In the electrode 40, the upper conductive disc 52, the lower conductive disc 54, and the central portion 56 are electrically connected to each other, for example by intimate contact or by soldering, and formed of an electrically conductive material, such as a metal, preferably one that is resistant to heat and corrosion. The head 50 is preferably formed as an integral piece that includes the upper conductive disc 52, the lower conductive disc 54, and the central portion 56, although this is not required and the head 50 may be formed of separate pieces which are joined together mechanically and electrically.
The upper conductive disc 52 is preferably positioned vertically at approximately the center of the vertical extent of the main (upper) burner 23. The horizontal position and the radius of the upper conductive disc 52 are preferably chosen so that a spark from the upper conductive disc 52 will pass through gas from the main burner ports 25 during ignition, and so that flame from the main burner 23 will consistently reach the immediate vicinity of the upper conductive disc 52. The nearest point of the upper conductive disc 52 is preferably about 2.5-3.0 mm horizontally from the nearest point on the main burner 23.

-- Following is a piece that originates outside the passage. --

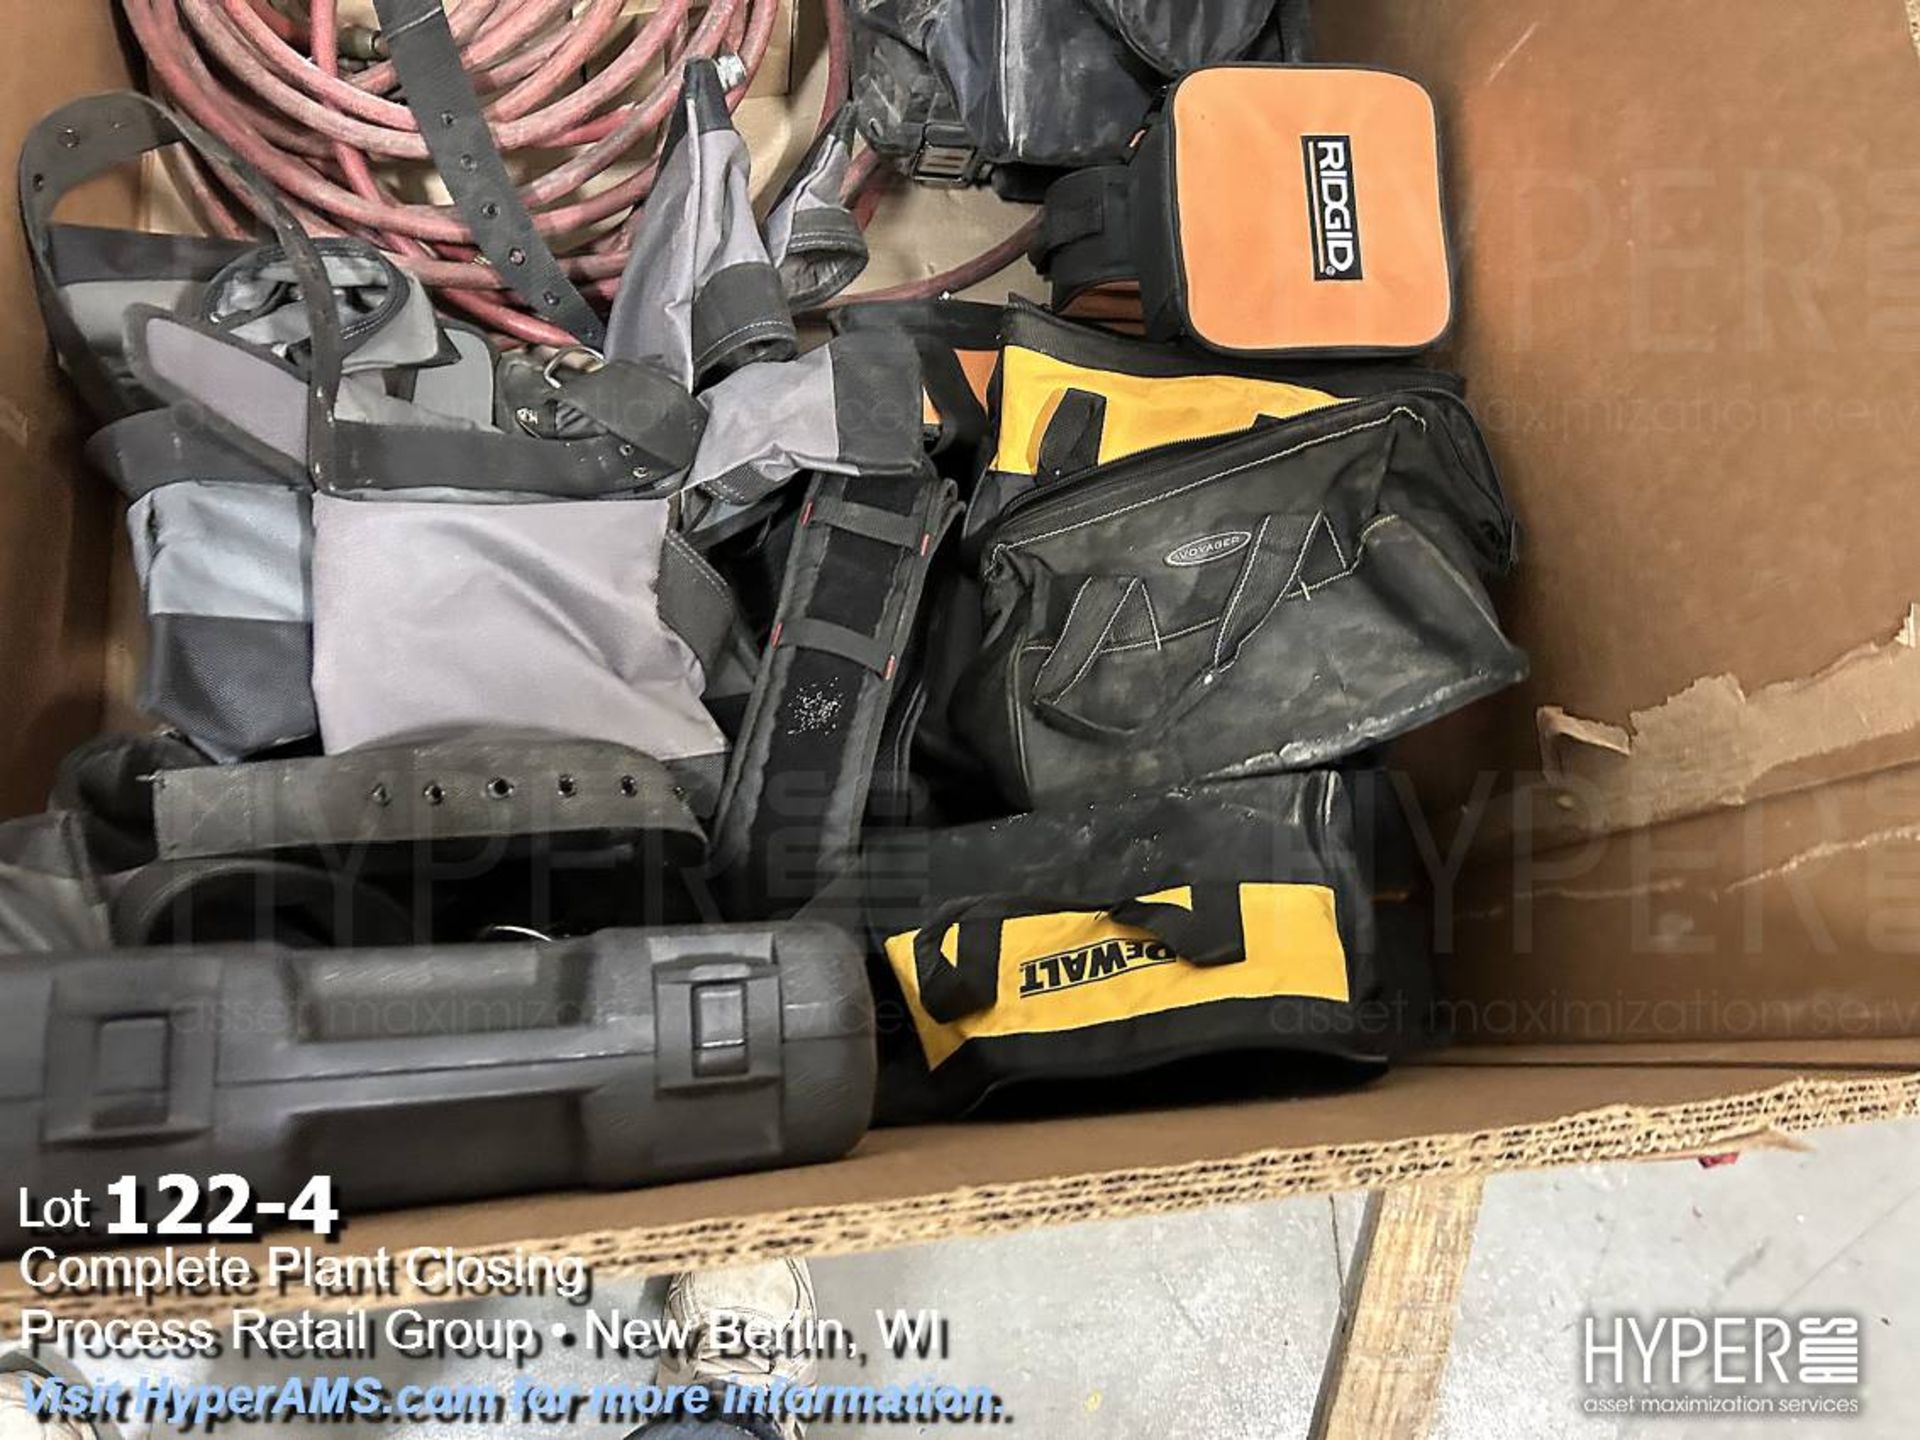 Air hose, tool belts, and tool bags - Image 4 of 5
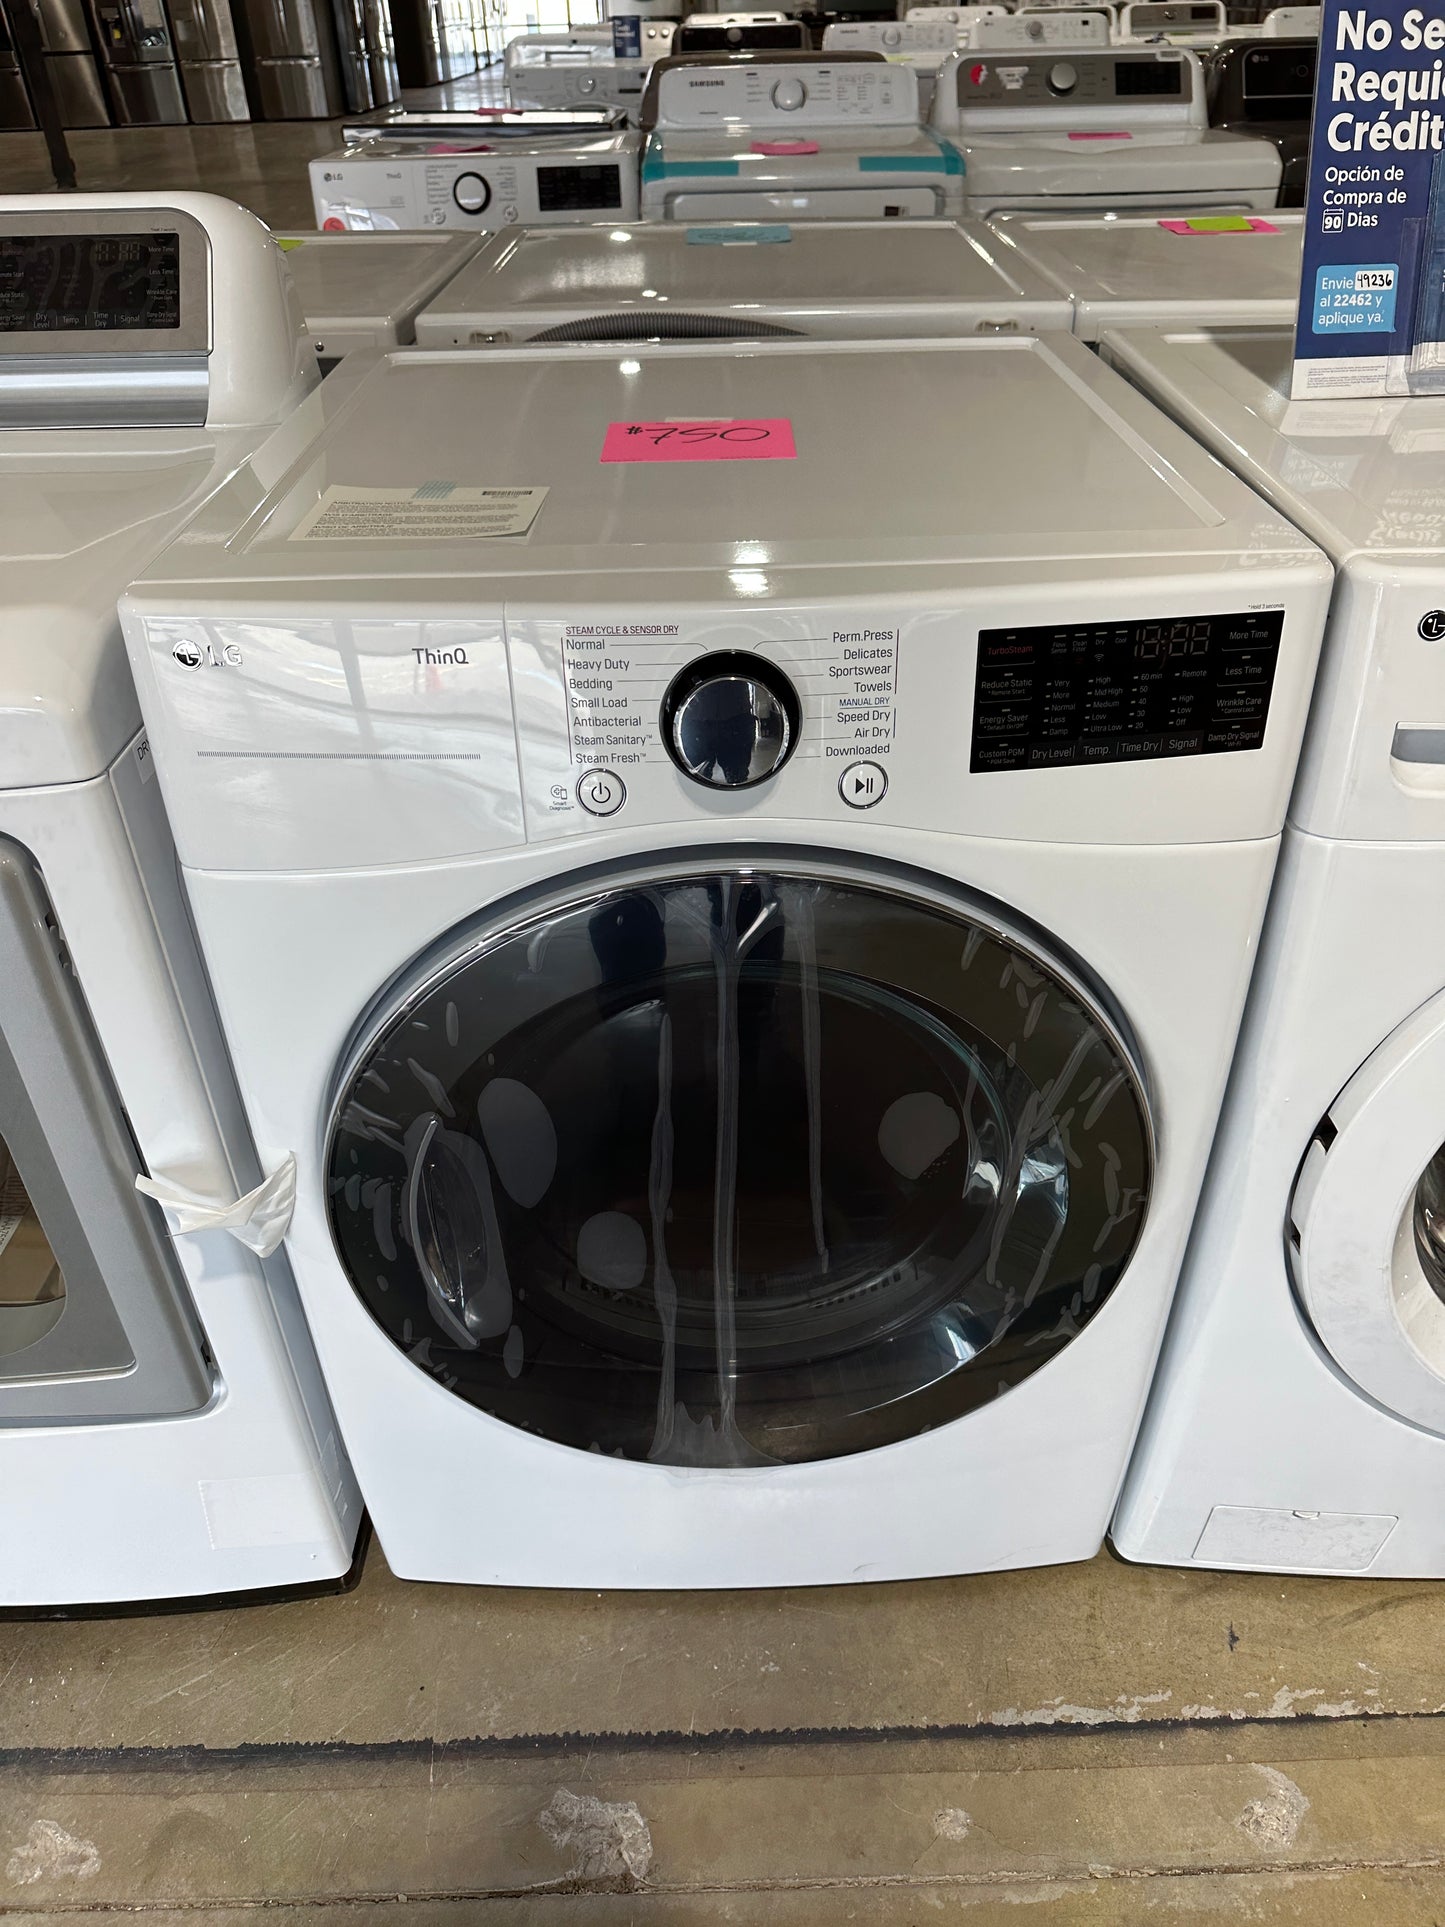 NEW-IN-BOX LG STACKABLE ELECTRIC DRYER - DRY11699S DLEX3900W

Similarly, the lower conductive disc 54 is preferably positioned vertically at approximately the center of the vertical extent of the simmer (lower) burner 24. The horizontal position and the radius of the lower conductive disc 54 are preferably chosen so that a spark from the lower conductive disc 54 will pass through gas from the simmer burner ports 26 during ignition, and so that flame from the simmer burner 24 will consistently reach the immediate vicinity of the lower conductive disc 54. The nearest point of the lower conductive disc 54 is preferably about 3.0-3.5 mm horizontally from the nearest point on the simmer burner 24.
Thus, in the electrode 40 for a stacked dual gas burner with the main burner on top of the simmer burner, where the main burner has a larger radius than the simmer burner, the lower conductive disc 54 will generally have a larger diameter than the upper conductive disc 52. It follows that In a similar electrode according to the invention for a stacked dual gas burner with the simmer burner on top of the main burner, where the main burner has a larger radius than the simmer burner, the upper conductive disc 52 will generally have a larger diameter than the lower conductive disc 54.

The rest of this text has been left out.